— RECORDED INFORMATION —
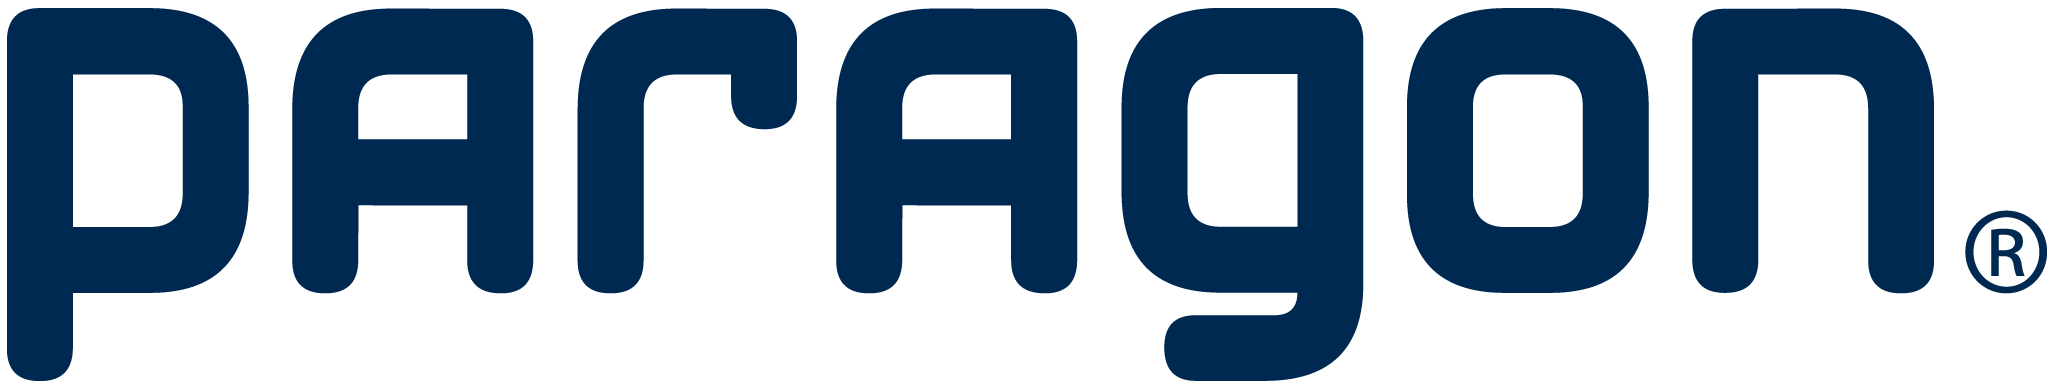 07-2018_paragon_neues-Logo
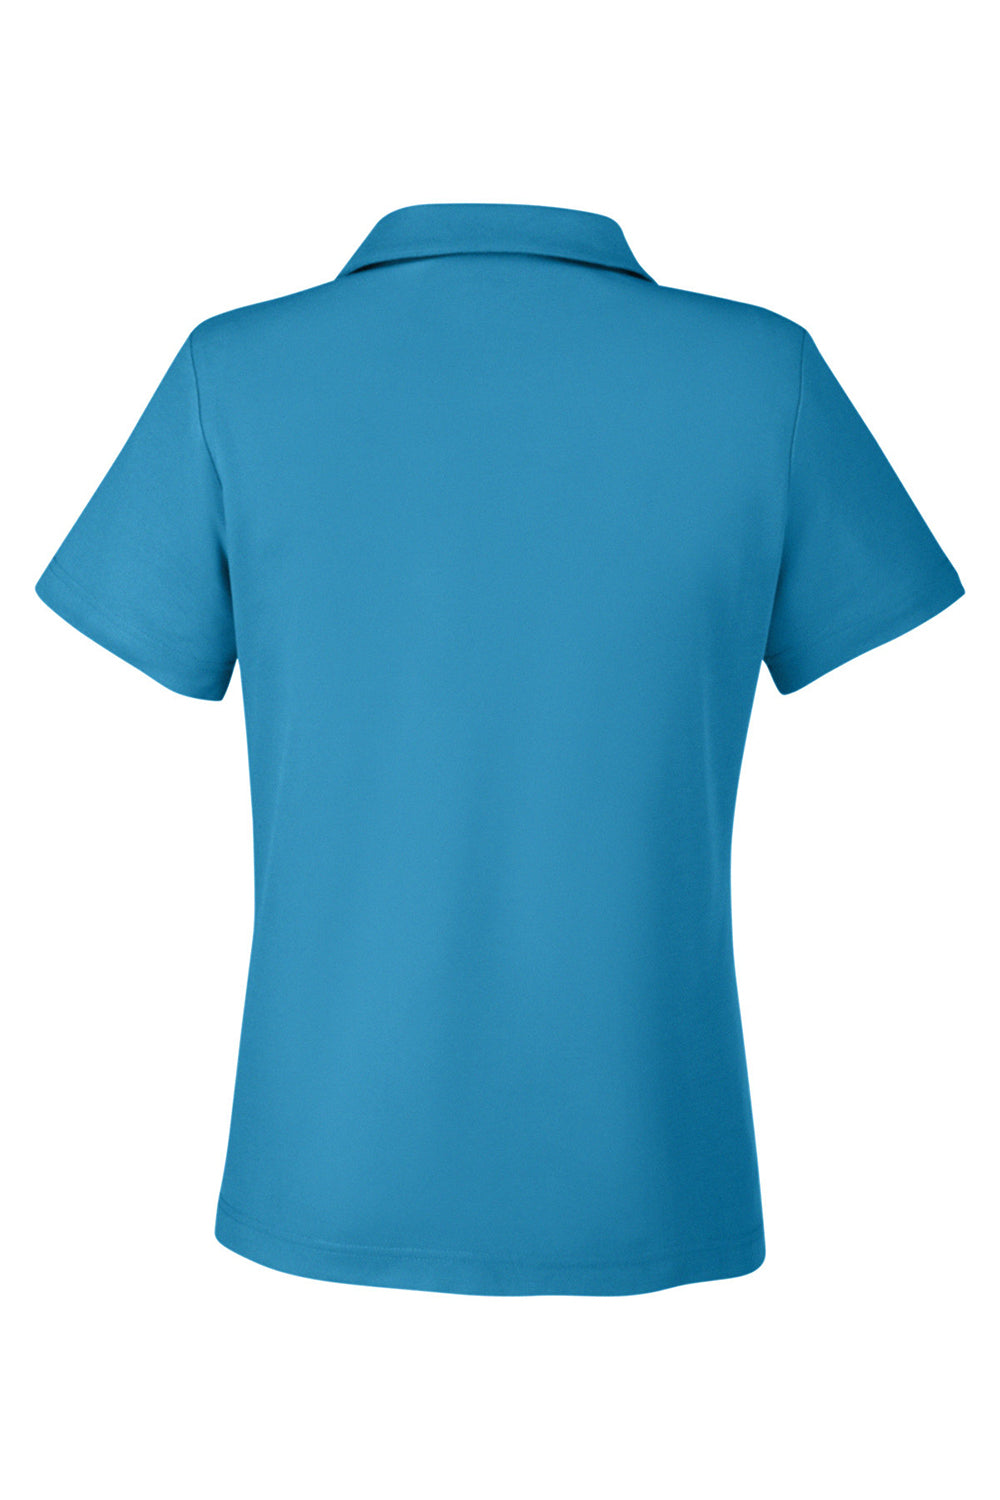 Core 365 CE112W Womens Fusion ChromaSoft Performance Moisture Wicking Pique Short Sleeve Polo Shirt Electric Blue Flat Back
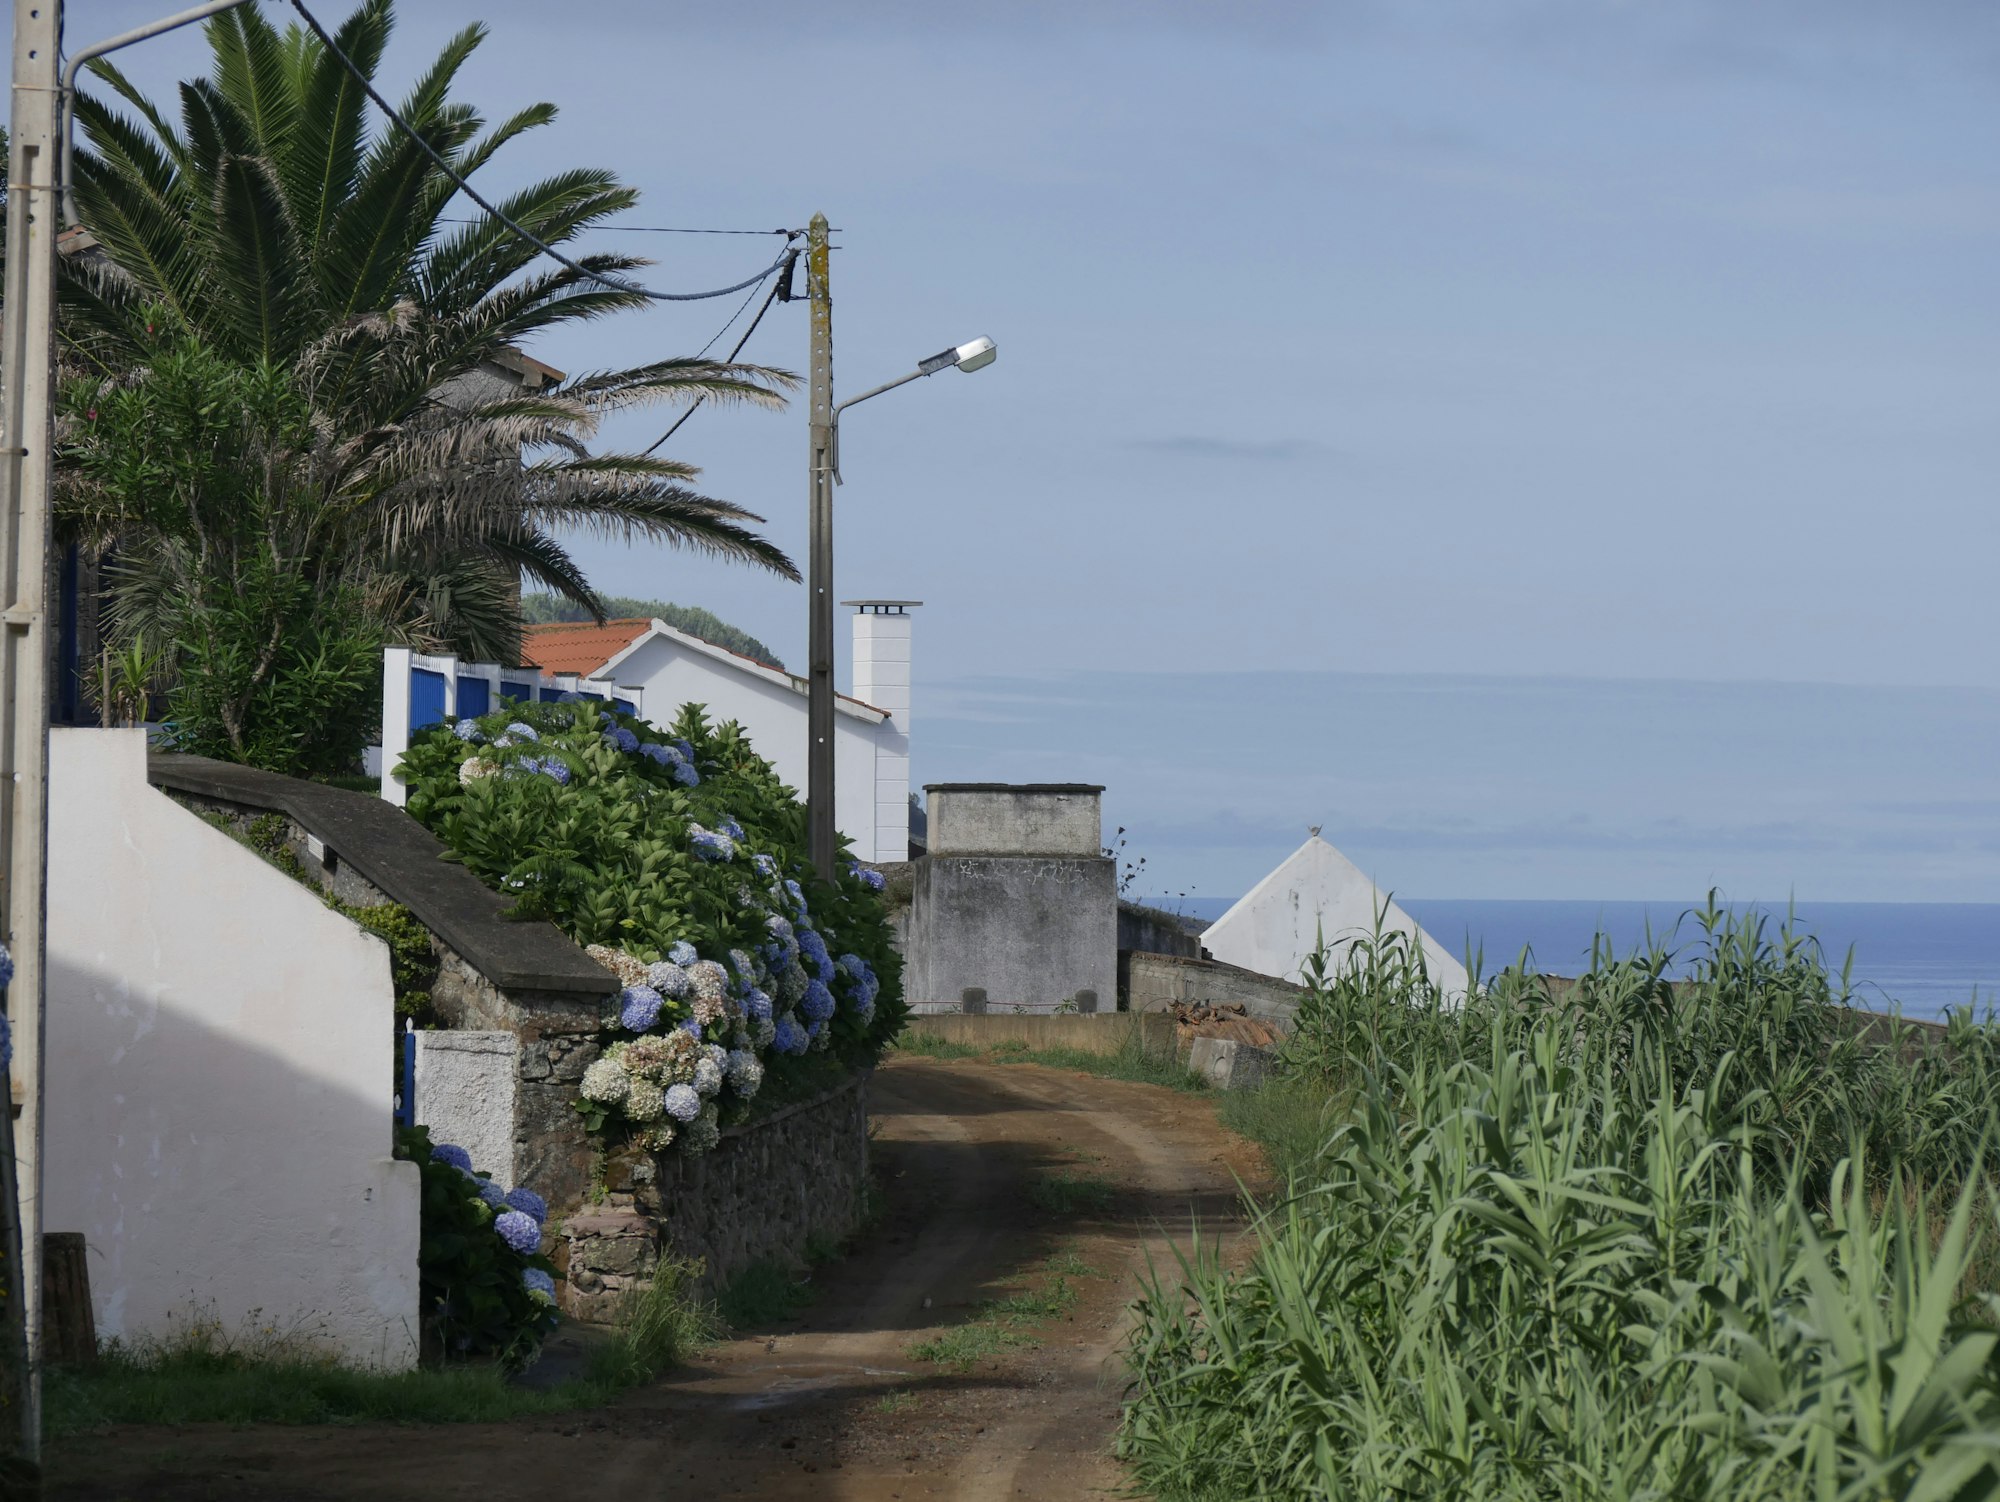 Small road overlooking the ocean.
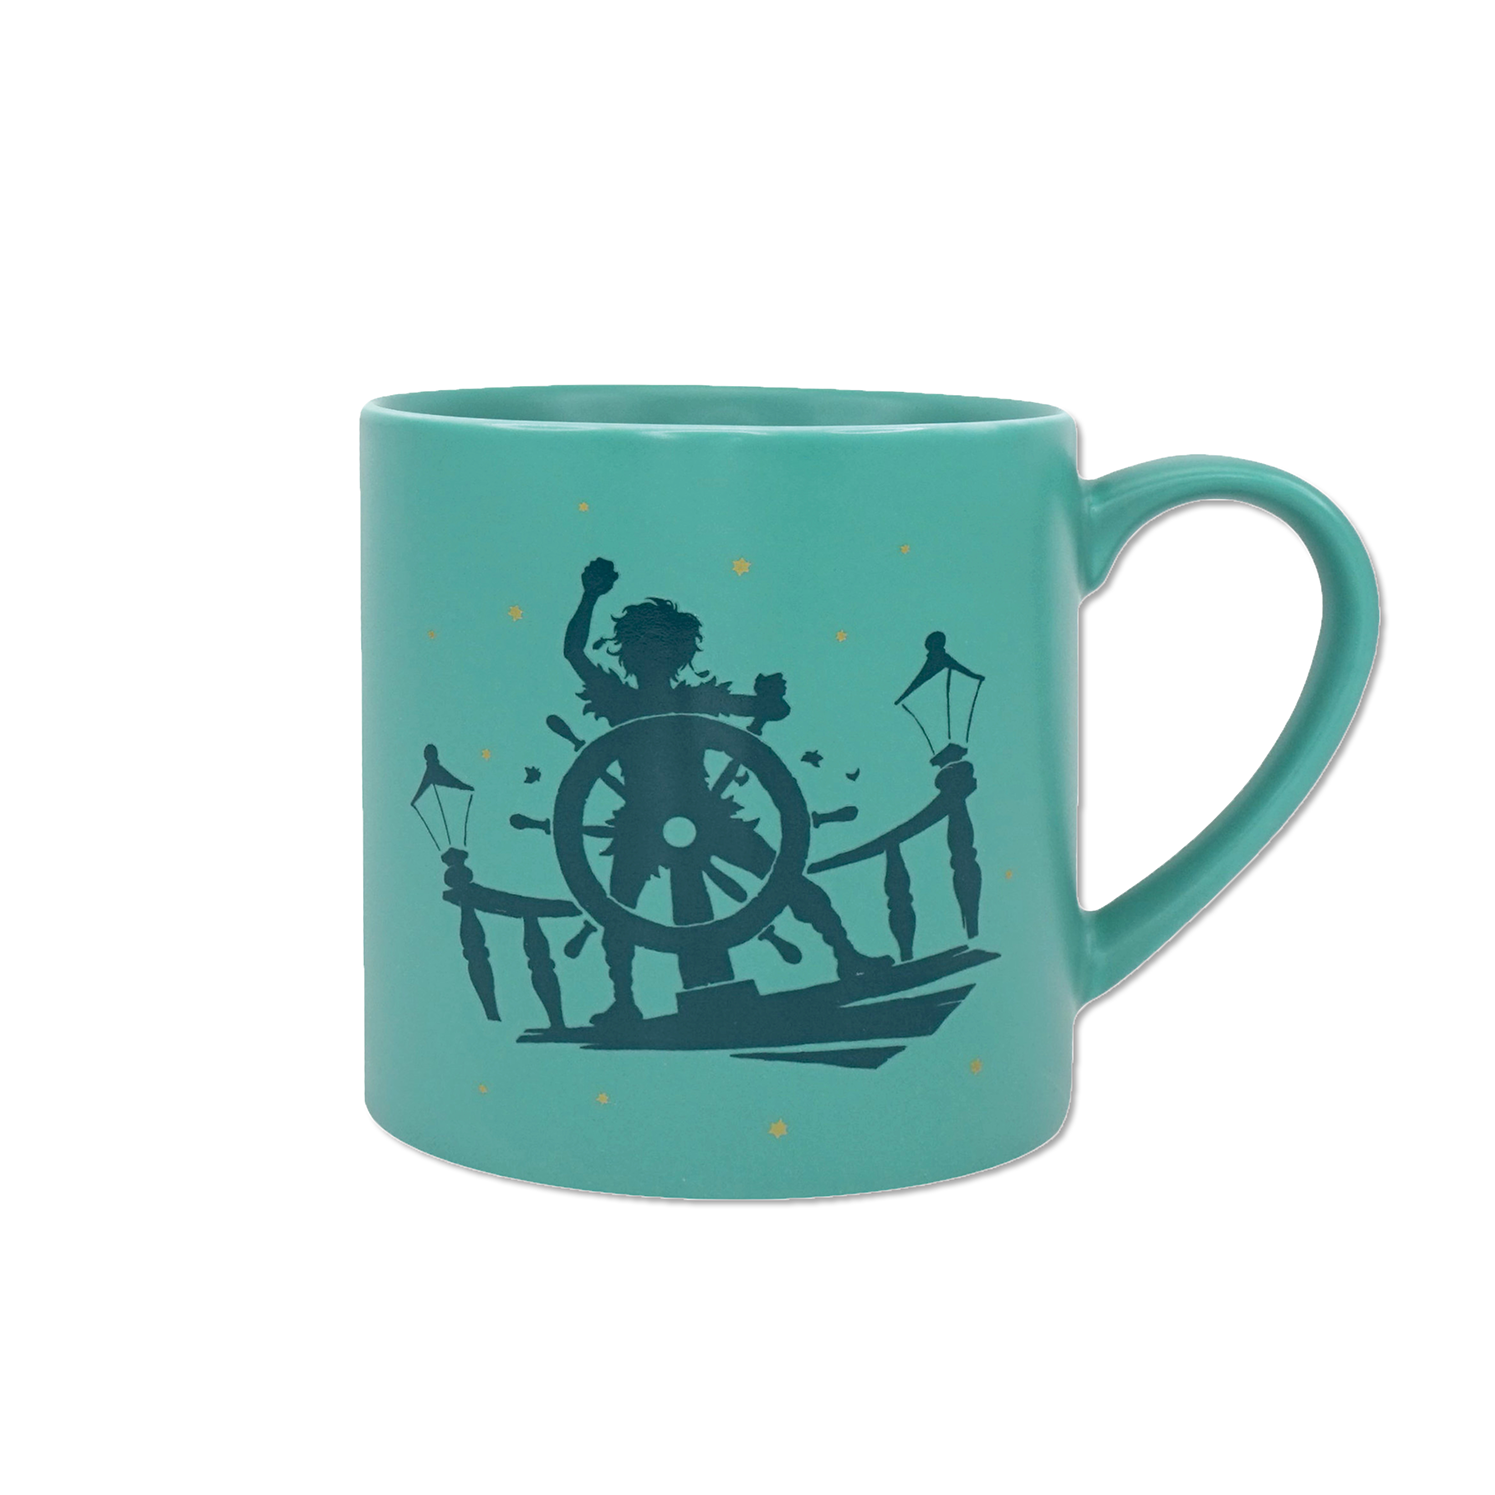 Peter Pan and wendy inspired mug

— TASK GOAL —
These lines alone form the answer: the one containing "Core 365 CE112W" and every line after it through the end of the material, exactly as written, pictures left out.

— ANSWER BOX —
 Core 365 CE112W Womens Fusion ChromaSoft Performance Moisture Wicking Pique Short Sleeve Polo Shirt Electric Blue Flat Back
 Small road overlooking the ocean.
 Peter Pan and wendy inspired mug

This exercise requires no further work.